Here's a an example computing a Fibonacci sequence (very inefficiently, with lots of spawned sub-tasks and message passing) [2]

[1] https://github.com/estuary/flow/tree/master/crates/automatio... [2] https://github.com/estuary/flow/blob/master/crates/automatio...


The right metaphor isn't painting, though, it's molding clay. That first pass is slop, but it's raw clay that the agent is very good at molding given a modicum of direction and "not this, do that" comments. The combined first-pass and reshaping time is still far less than writing by hand from scratch. And increasingly, that first pass is ... not bad?


Not all code is fixable. Sometimes the best thing to do with code is to throw it away.

Without any human code to grab on to, AI has a habit of writing code that is pervasively low quality and rife with misunderstandings such that it always needs to be thrown out.

And yes with considerable prompting effort you can improve this picture. But it's easier, faster and cheaper to just write the code yourself. Code is the best specification language we have.


I ask Claude or codex to review staged work regularly, as part of my workflow. This is often after I’ve reviewed myself, so I’m asking it to catch issues I missed.

It will _always_ find about 8 issues. The number doesn’t change, but it gets a bit … weird if it can’t really find a defect. Part of the art of using the tool is recognizing this is happening, and understanding it’s scraping the bottom of its barrel.

However, if there _are_ defects, it’s quite good at finding and surfacing them prominently.


Maintaining a high-quality requirements / specification document for large features prior to implementation, and then referencing it in "plan mode" prompts, feels like consensus best practice at this stage.

However a thing I'm finding quite valuable in my own workflows, but haven't seen much discussion of, is spending meaningful time with AI doing meta-planning of that document. For example, I'll spend many sessions partnered with AI just iterating on the draft document, asking it to think through details, play contrarian, surface alternatives, poke holes, identify points of confusion, etc. It's been so helpful for rapidly exploring a design space, and I frequently find it makes suggestions that are genuinely surprising or change my perspective about what we should build.

I feel like I know we're "done" when I thoroughly understand it, a fresh AI instance seems to really understand it (as evaluated by interrogating it), and neither of us can find anything meaningful to improve. At that point we move to implementation, and the actual code writing falls out pretty seamlessly. Plus, there's a high quality requirements document as a long-lived artifact.

Obviously this is a heavyweight process, but is suited for my domain and work.

ETA one additional practice: if the agent gets confused during implementation or otherwise, I find it's almost always due to a latent confusion about the requirements. Ask the agent why it did a thing, figure out how to clarify in the requirements, and try again from the top rather than putting effort into steering the current session.


> consensus best practice

I'm not sure I agree with this. I don't think there needs to be a whole spec & documentation process before plan mode.

There is alternative thought leadership that the waterfall approach for building out projects is not the right Agentic pattern[1].

Planning itself can be such an intensive process where you're designing and figuring out the specs on the fly in a focused manner for the thing the agent will actually develop next. Not sure how useful it is to go beyond this in terms of specs that live outside of the Agentic loop for what should be developed now and next.

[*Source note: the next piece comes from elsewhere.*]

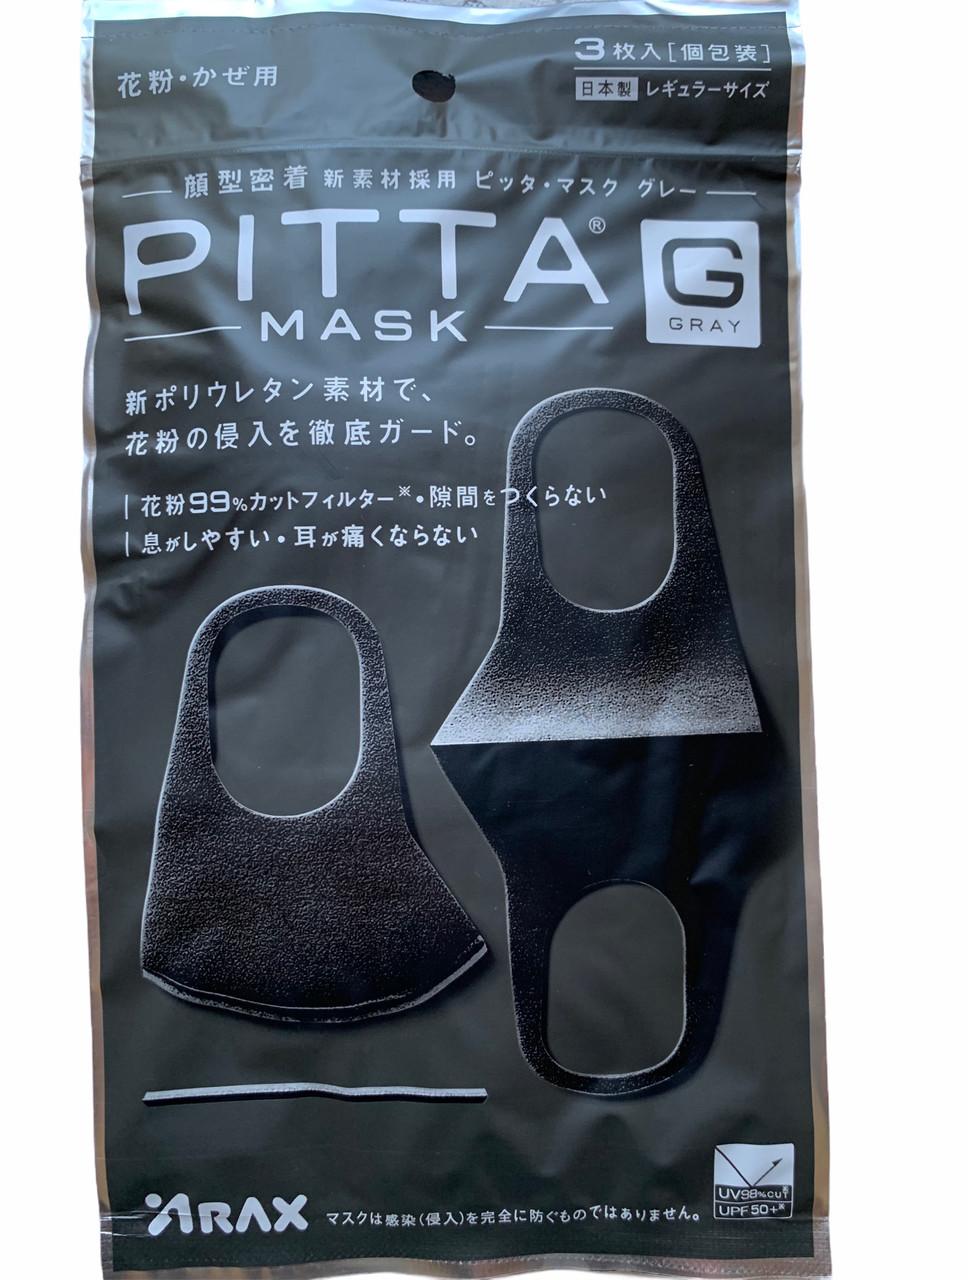 3 ШТ Багаторазова маска пітта Pitta Mask Arax (колір графіт) + подарунок антисептик клин стрім

I've evolved my own process, originally from plain Claude Code to Claude Code with heavy spec integrated capabilities. However, that became a burden for me: a lot of contextual drift in those documents and then self managing & orchestrating of Claude Code over those documents. I've since reoriented myself to base Claude Code with a fairly high-level effort specific to ad-hoc planning sessions. Sometimes the plans will revolve around specific GitHub issues or feature requests in the ticketing system, but that's about it.

[1] https://boristane.com/blog/the-software-development-lifecycl...


I think there's a Danger Zone when planning is light-weight and iterative, and code is cheap, but reviewing code is expensive: it leads to a kind of local hill-climbing.

Suppose you iterate through many sessions of lightweight planning, implementation, and code review. It _feels_ high velocity, you're cranking through the feature, but you've also invested a lot of your time and energy (planning isn't free, and code review and fit-for-purpose checks, in particular, are expensive). As often happens -- with or without AI -- you get towards the end and realize: there might have been a fundamentally better approach to take.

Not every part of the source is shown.